**Exercise data:**
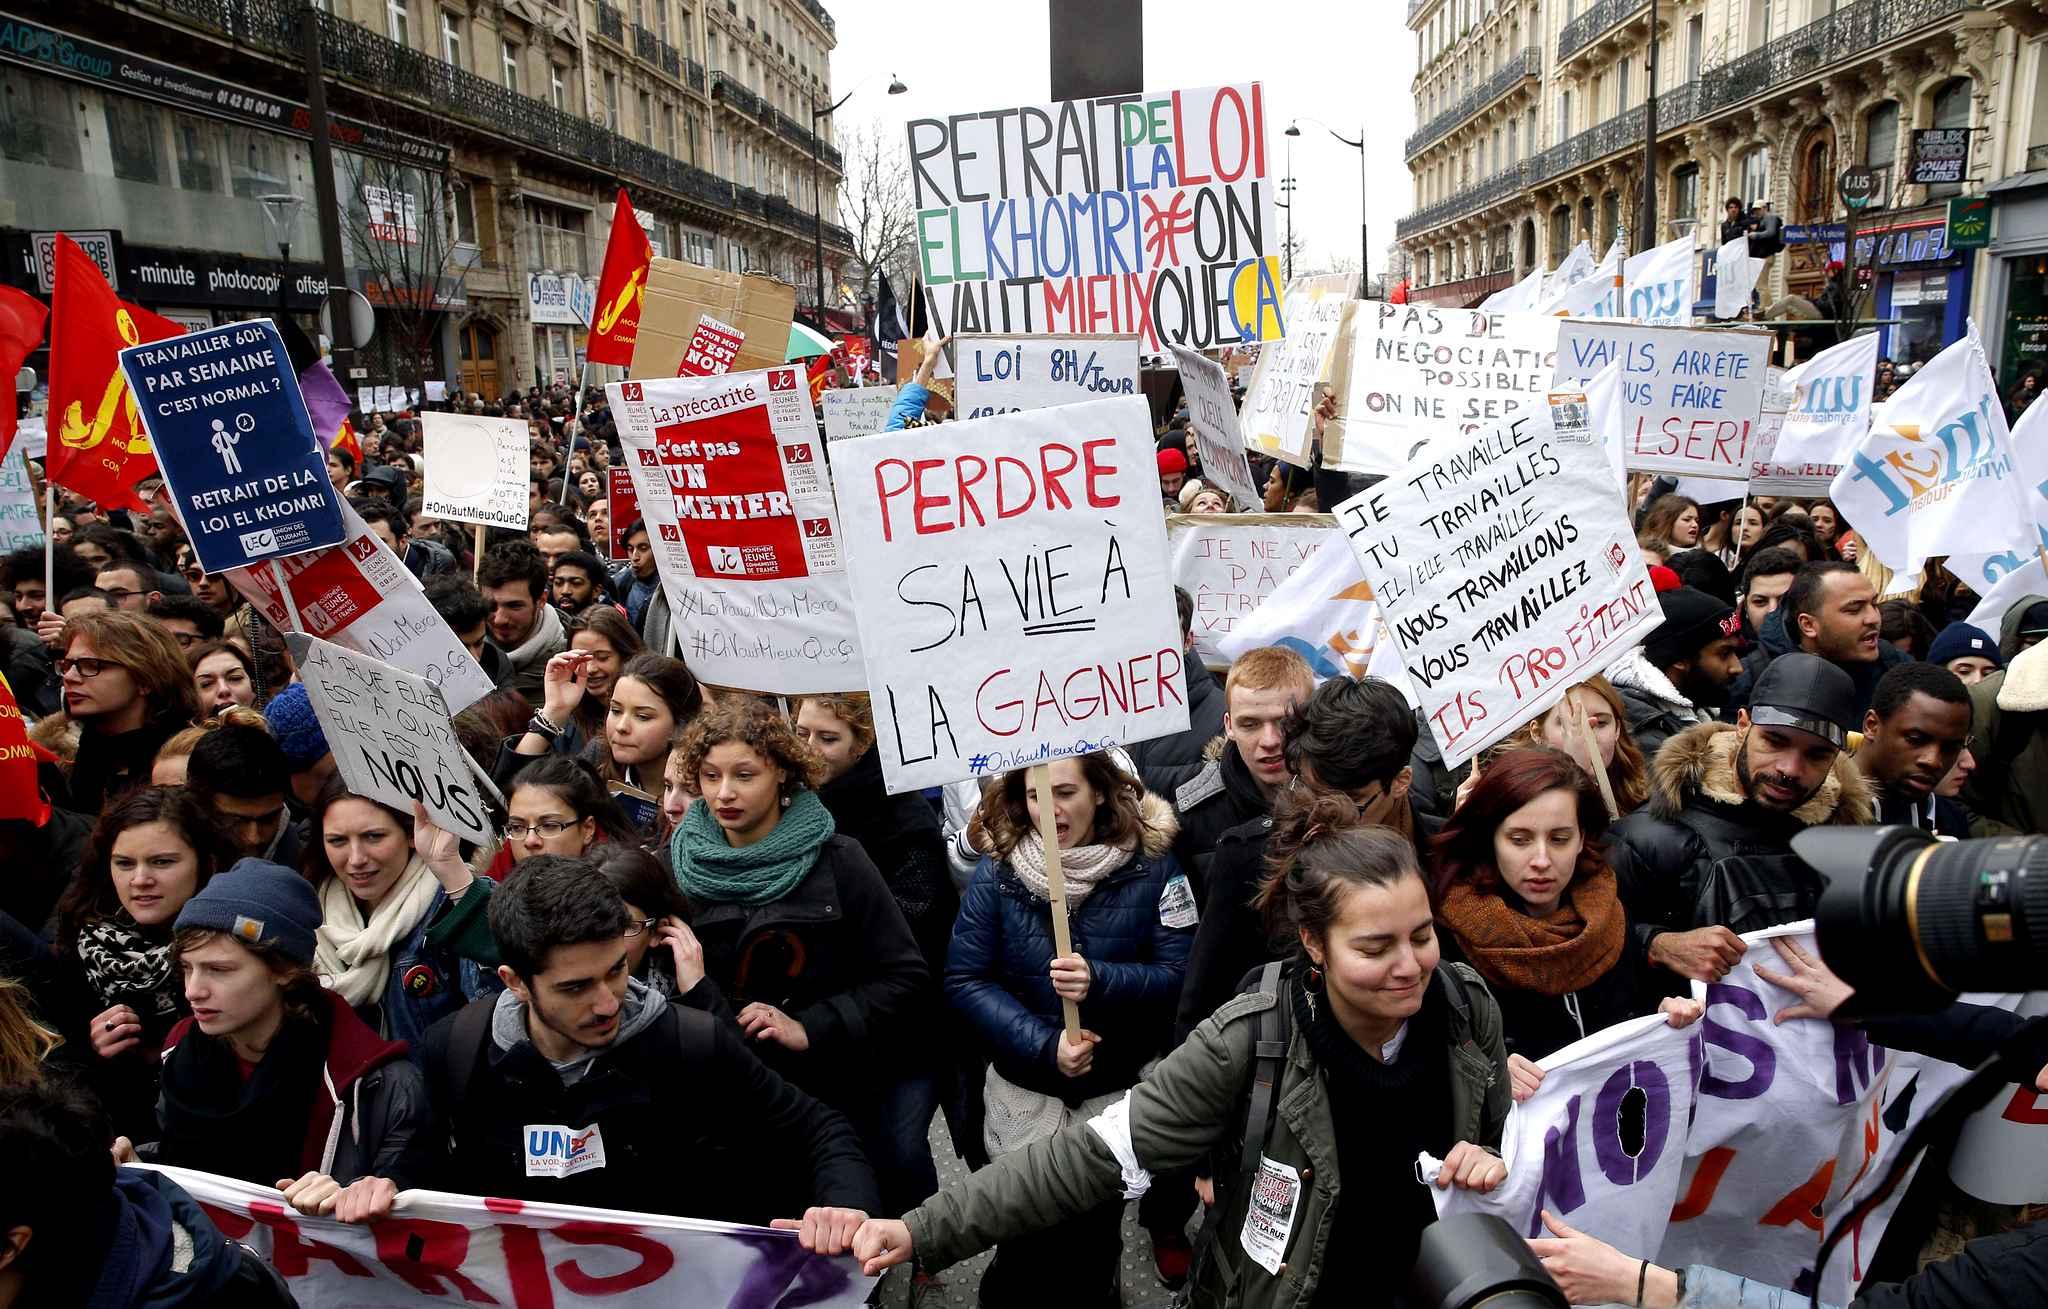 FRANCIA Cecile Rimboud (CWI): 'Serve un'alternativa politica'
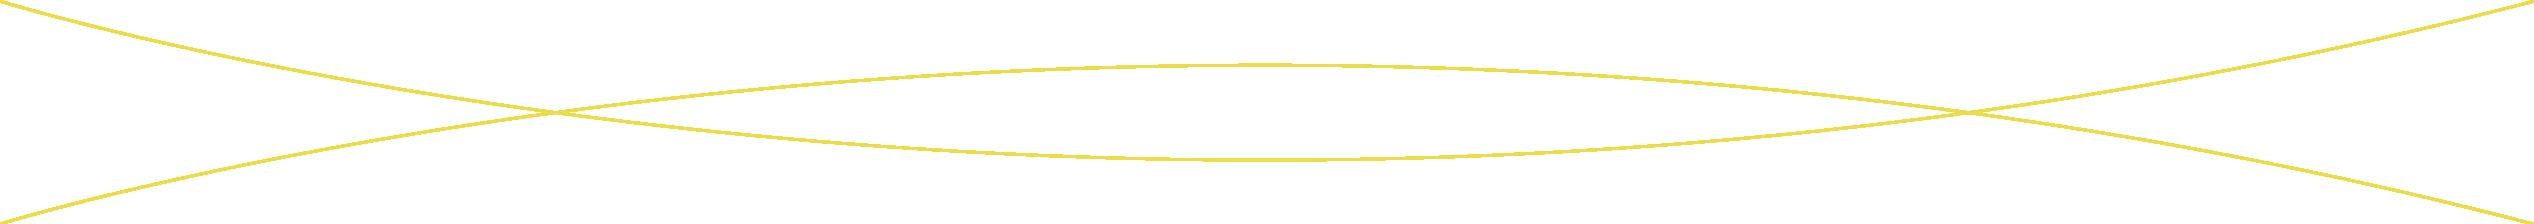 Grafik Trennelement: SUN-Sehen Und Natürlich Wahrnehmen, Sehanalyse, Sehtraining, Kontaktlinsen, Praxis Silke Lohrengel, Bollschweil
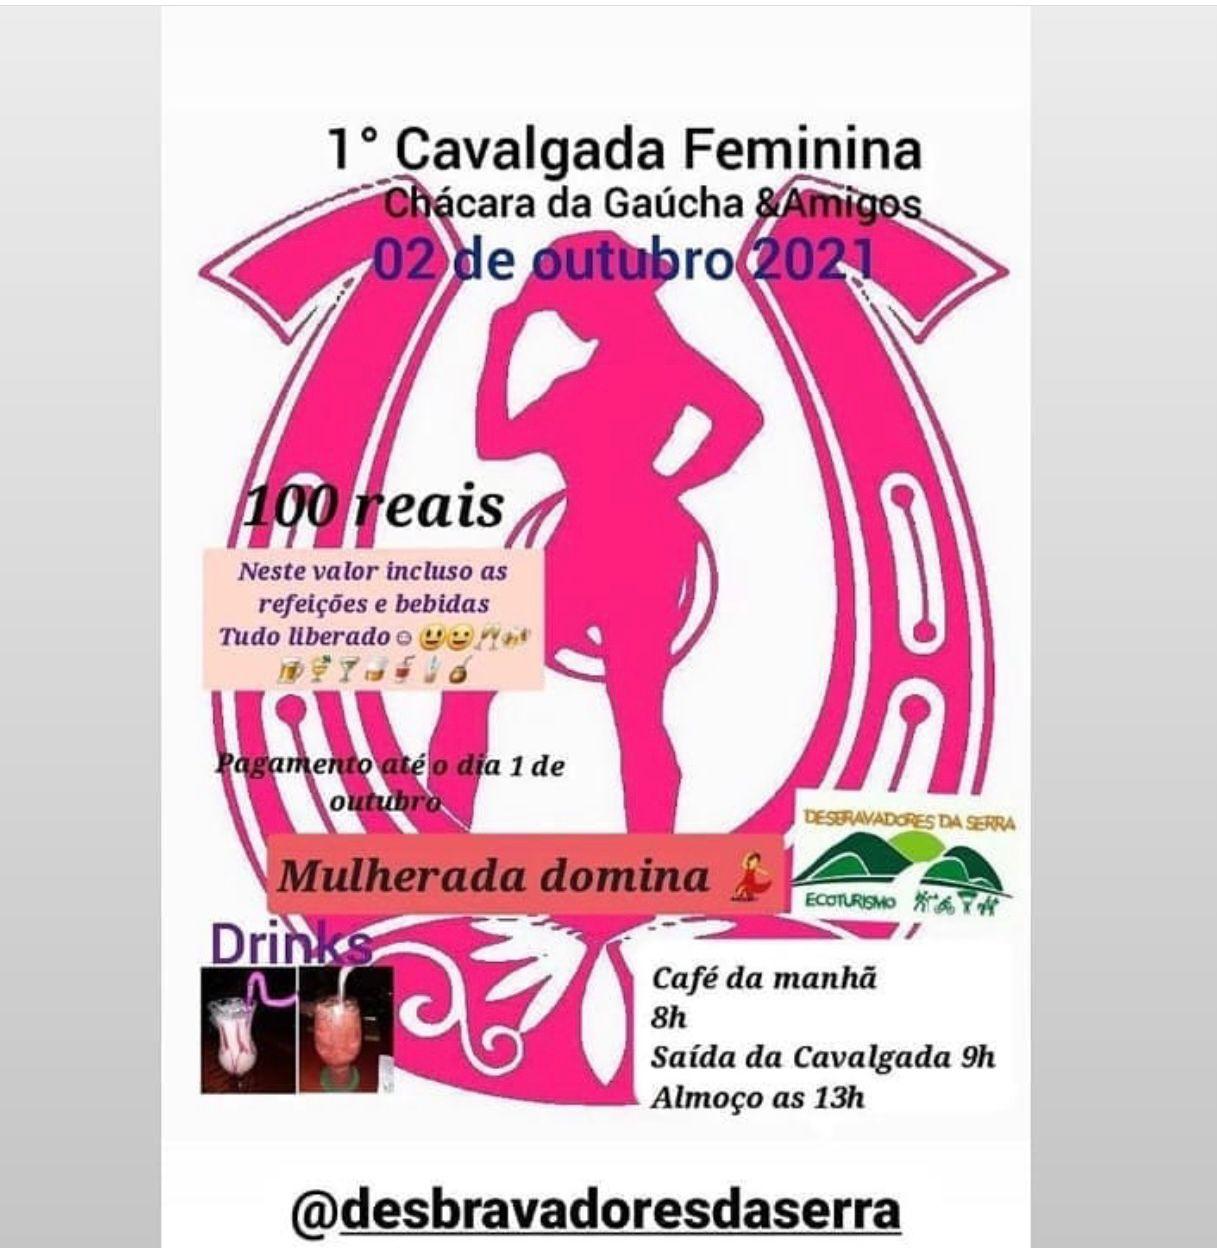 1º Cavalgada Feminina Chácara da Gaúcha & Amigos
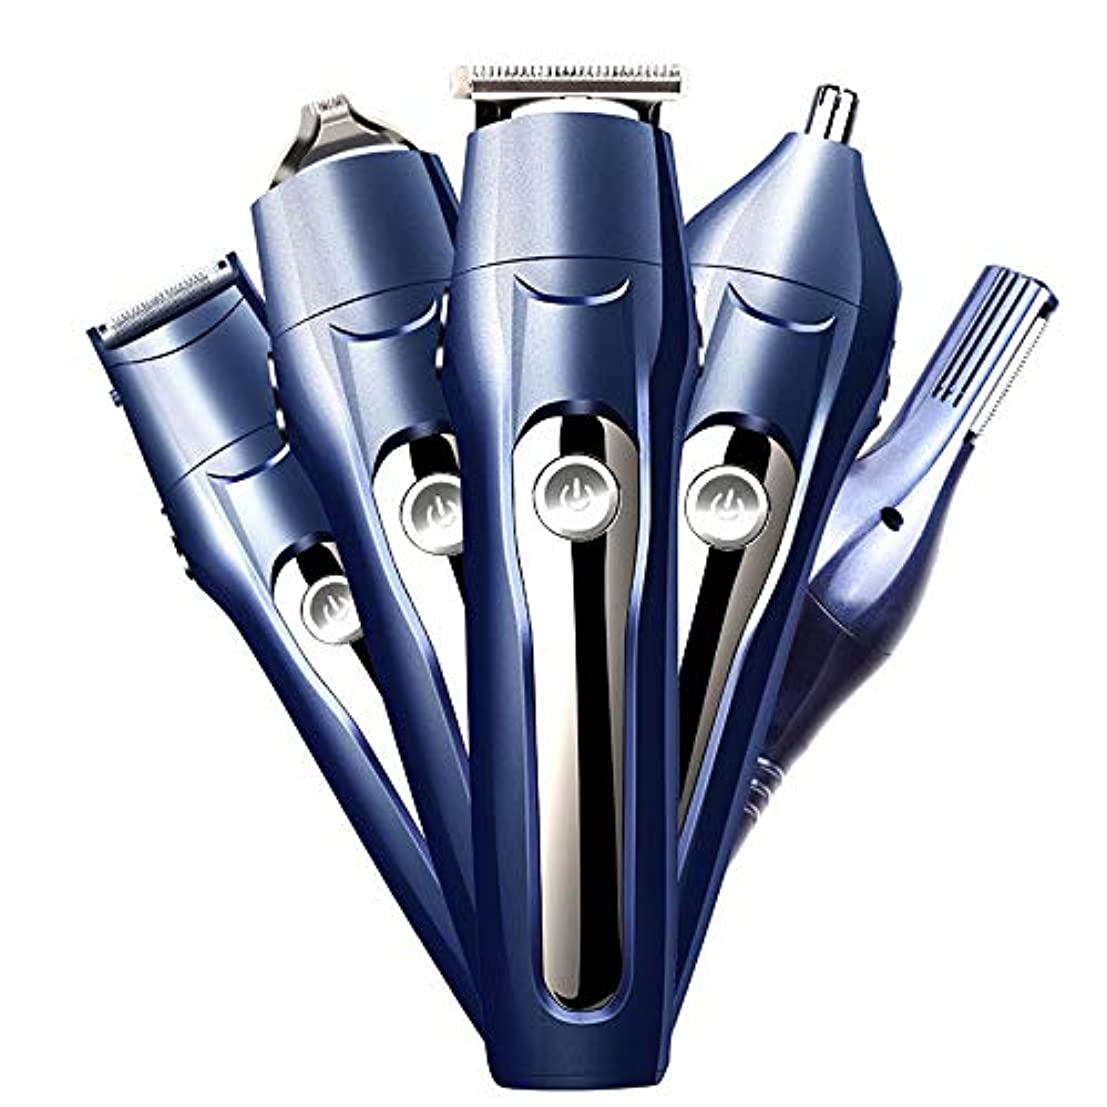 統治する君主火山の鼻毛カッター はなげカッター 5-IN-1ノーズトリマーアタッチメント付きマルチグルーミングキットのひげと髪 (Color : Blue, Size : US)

**What the task requires:** Copy nothing but the lines from the top of the material through the line holding "1º Cavalgada Feminina", exactly as written; omit pictures.

**Answer to the exercise:**
 FRANCIA Cecile Rimboud (CWI): 'Serve un'alternativa politica'
 Grafik Trennelement: SUN-Sehen Und Natürlich Wahrnehmen, Sehanalyse, Sehtraining, Kontaktlinsen, Praxis Silke Lohrengel, Bollschweil
 1º Cavalgada Feminina Chácara da Gaúcha & Amigos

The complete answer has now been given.